Gayri safi milli hâsıla içinde sanayinin payı yüzde 32 ye çıkmış, tarımın payı ise yüzde 15'lere gerilemiştir. Kişi başına milli gelir; cumhuriyetin kurulduğundan bu yana yaklaşık 10 misli, milli gelir yaklaşık 50 misli, ihracat ise 600 misli artmıştır. 2002 yılları, daha önce dediğimiz gibi, ekonominin dibe vurduğu zamanlardı. Türkiye bugün dünya ekonomisi ile daha fazla bütünleşmiş her açıdan onlarca kat büyümüştür.
Günümüze gelindiğinde ise, üretim yönetimine göre cari fiyatlarla GSYH, 2019'da bir önceki yıla göre yüzde 14,9 artarak 4 trilyon 280 milyar 381 milyon lira olarak gerçekleşti. Kişi başına GSYH değeri, 2019'da cari fiyatlarla 51 bin 834 lira (9 bin 127 dolar) olarak hesaplandı. Bu değer, 2018'de 45 bin 463 lira (9 bin 632 dolar) olarak belirlenmişti.
2002 yılıyla 2019 yılları arasındaki durumu karşılaştıralım. Türkiye’nin nüfusu 2002 yılında 69 milyon kişi başına milli hâsıla ise yıllık 4000 TL. 2019 da nüfus 83 milyon, kişi başı milli hâsıla ise yıllık 52 bin TL civarı. Yani nüfus yüzde 12 civarı artmışken gayri safi milli hâsıla ise 12 kat yani yüzde 1200 artmış. Sömürgeleştirilmiş olan mazlum İslam coğrafyaları hariç, dünyanın diğer yerlerinde de durum bundan kat kat daha iyidir.

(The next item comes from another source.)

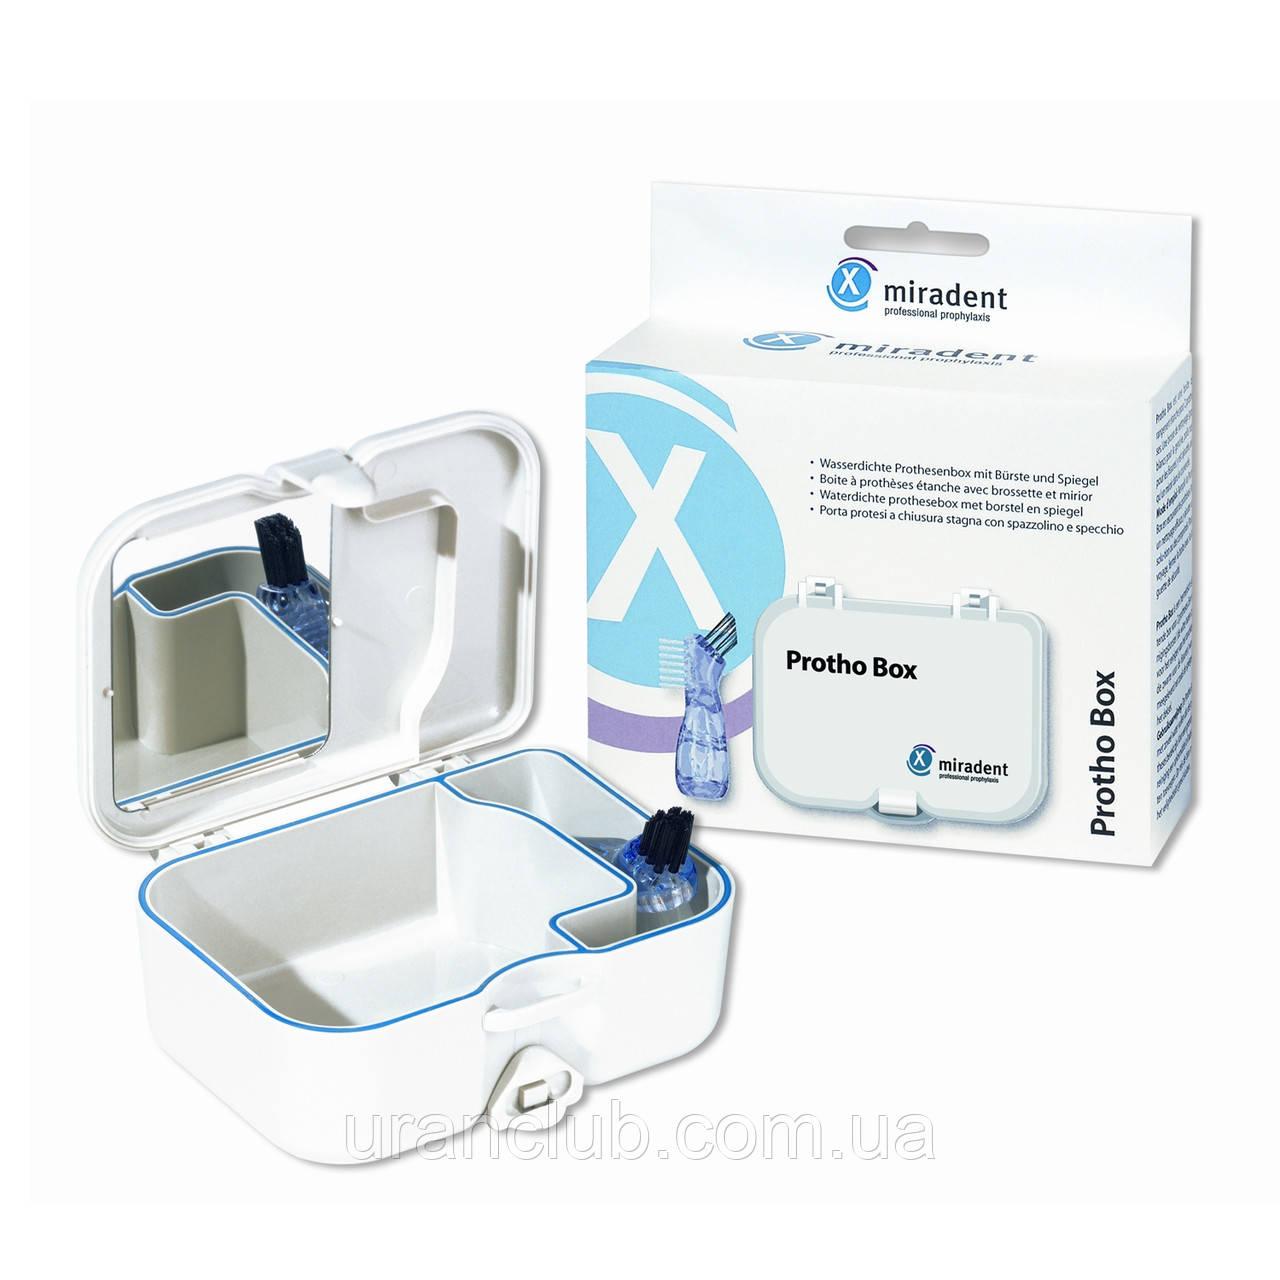 контейнер для протезов PROTHO BOX (ПРОТО БОКС)

Yani kısacası, fakirlik korkusuyla insanları nüfus kıyımına ikna eden küresel derin güçler, yalan söylüyorlar. Özellikle dünya 7 milyar insanı taşıyamaz, besleyemez diyerek, insanlığı bir milyara düşürme planları yapan paragöz zalimler, gayretullaha dokundukları anda belalarını bulacaklar.
Küresel karanlık baronların hesapları tutmayacaktır. Bu kâinatın bir sahibi var. O dünyaya her yeni bir canlı gönderdiği zaman rızkını da beraber göndermektedir. Başta Afrika olmak üzere, dünyanın mazlum coğrafyalarında insanların aç kalması, muhtaç ve fakir düşmesi, dünyada rızık eksikliğinden değil, mazlumların rızıklarının zalimler tarafından çalınması veya gasp edilmesi sebebiyledir.
Başka bir deyimle dünyadaki ekonomik çıkmazların sebebi, fakirlerin değil, paragöz, kapitalist, dünyaperest zalimlerin gözlerinin doyurulamamasıdır. Bu paragöz zalimler; eğer gözleri ve gönüllerini doyurmak istiyorlarsa, İslâm’a dönüp ilahi taksime, rıza göstersinler, tamamdır. Aksi halde Karun misali dünyada zillete, ukbada cehenneme mahkûm olacaklardır.